Apart from the images, reproduce all of the data word for word.

** Data below follows **

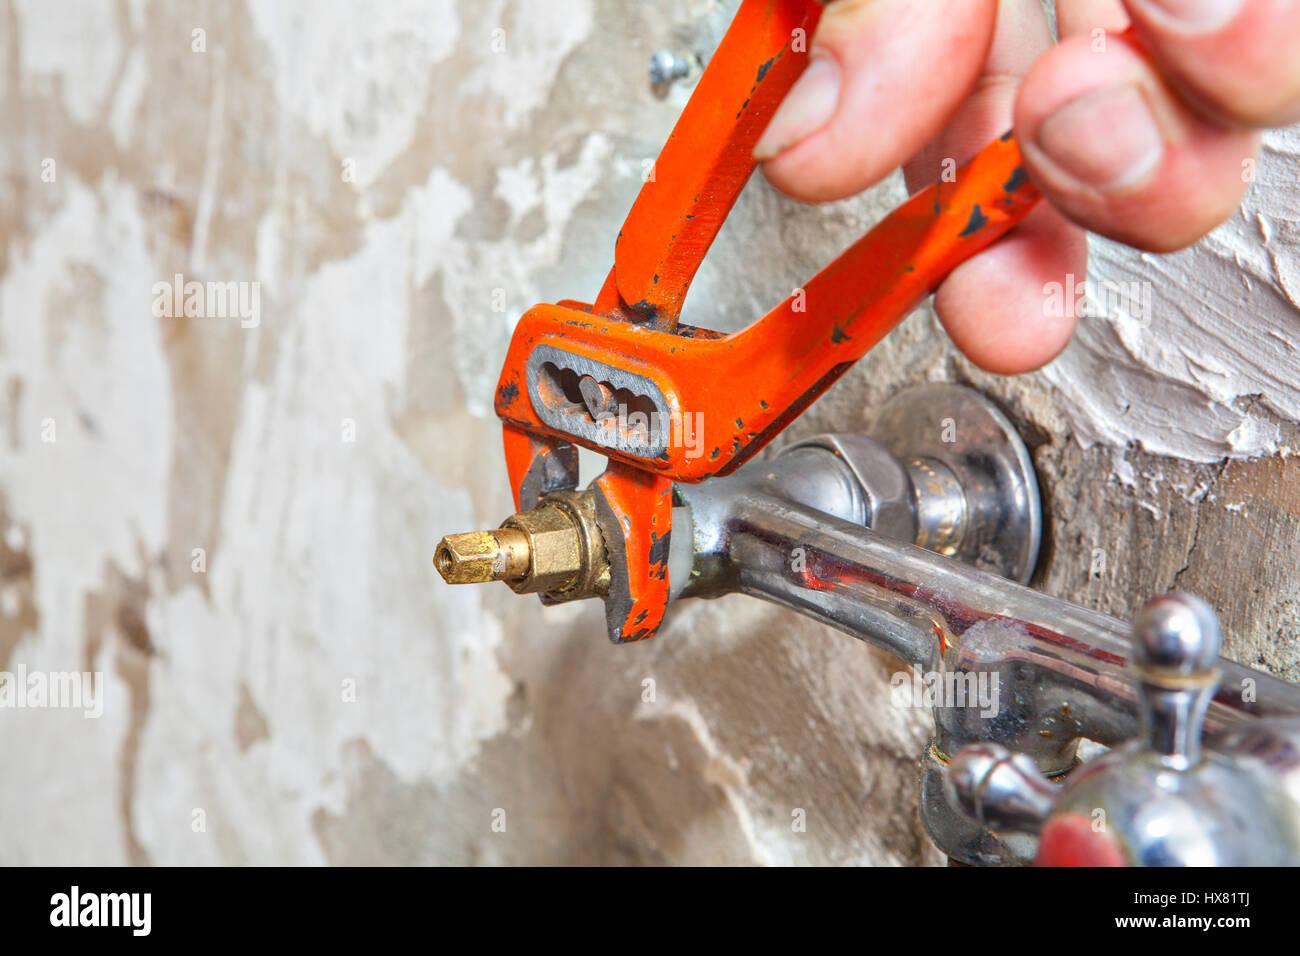 Klempner Wasserhahn Mit Undicht Wasser Benutzer Rote Klempner Zange
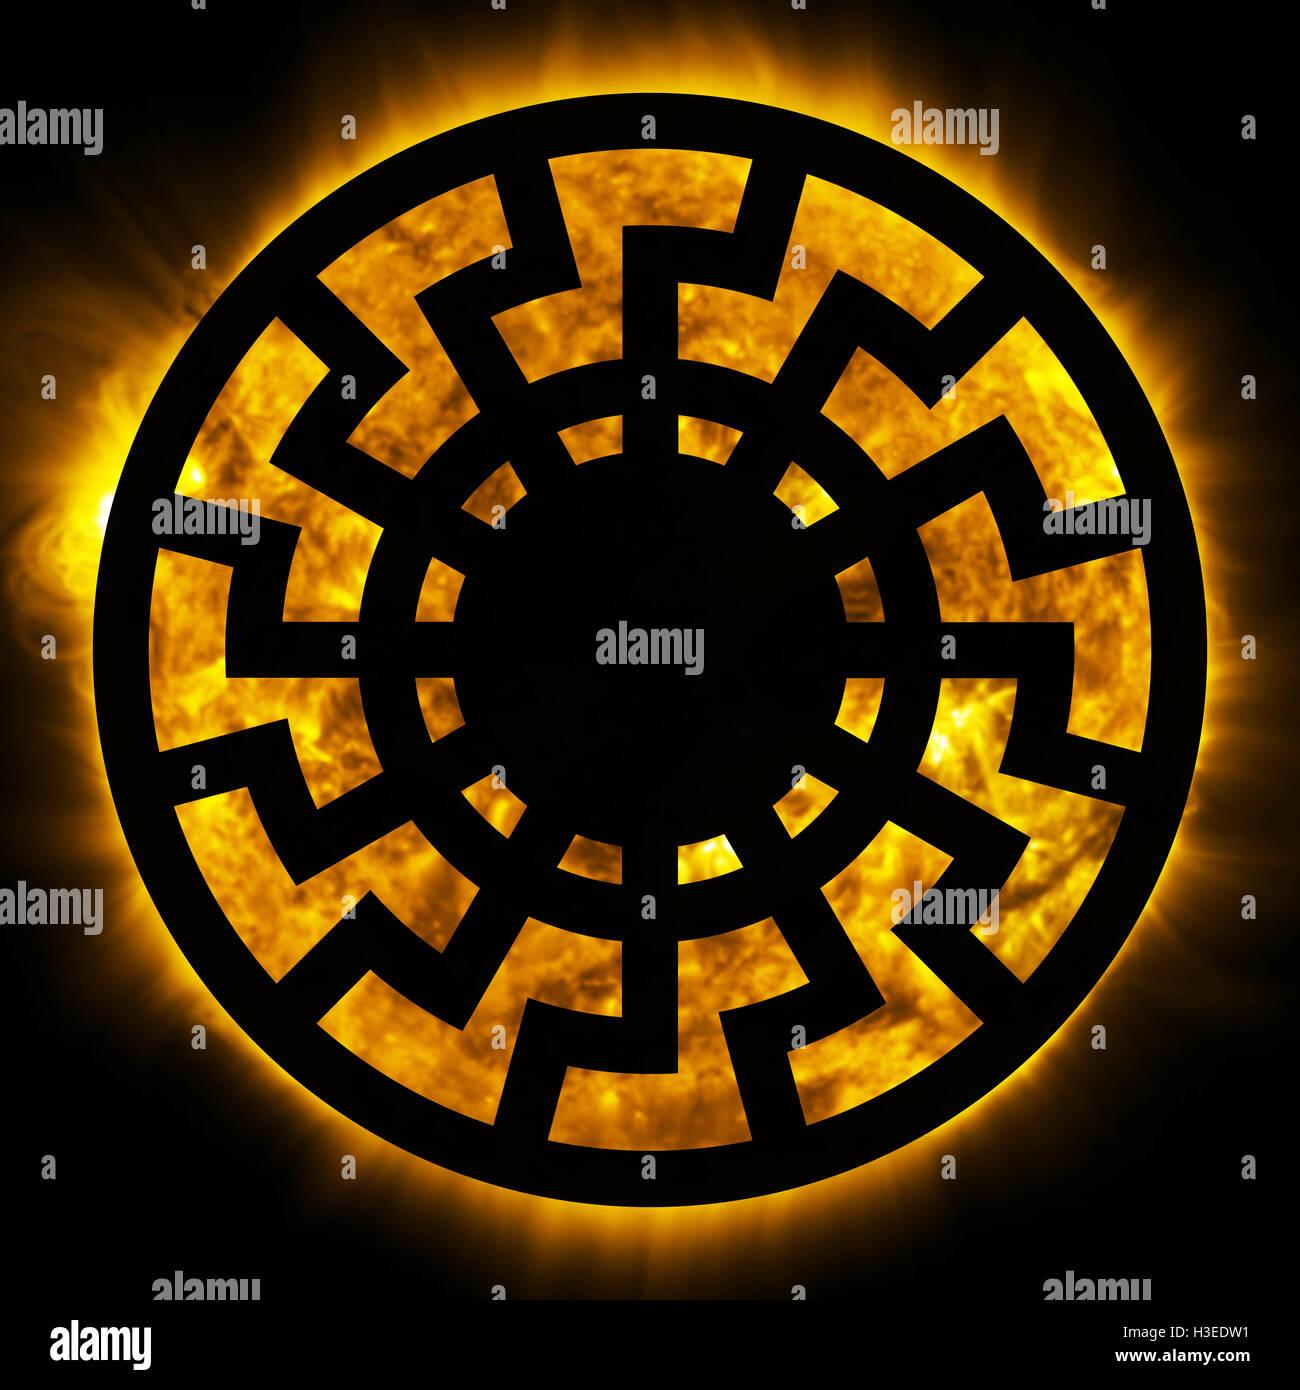 Símbolo del sol negro Fotografía de stock - Alamy
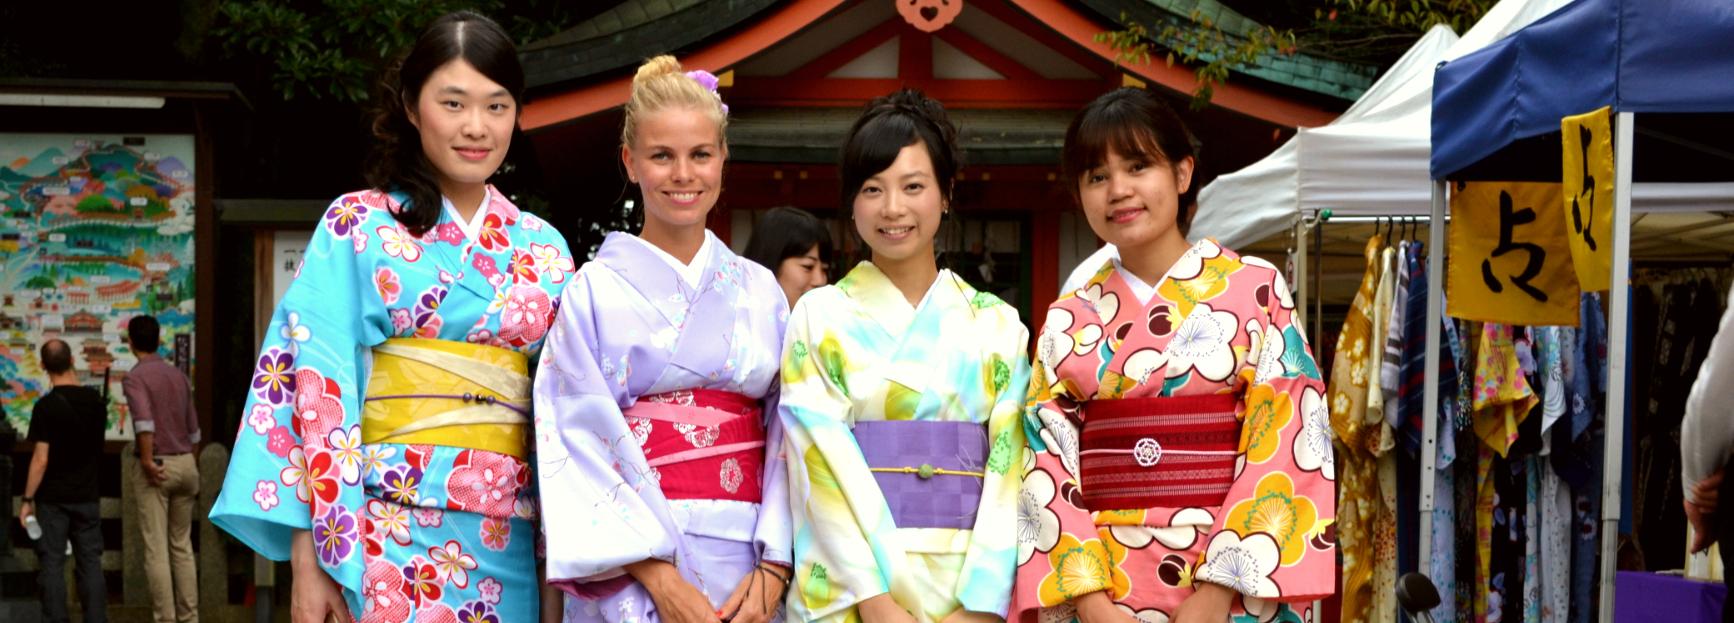 Japan reisblog

** End of Data below **

_Task response_
 Klempner Wasserhahn Mit Undicht Wasser Benutzer Rote Klempner Zange
 Símbolo del sol negro Fotografía de stock - Alamy
 Japan reisblog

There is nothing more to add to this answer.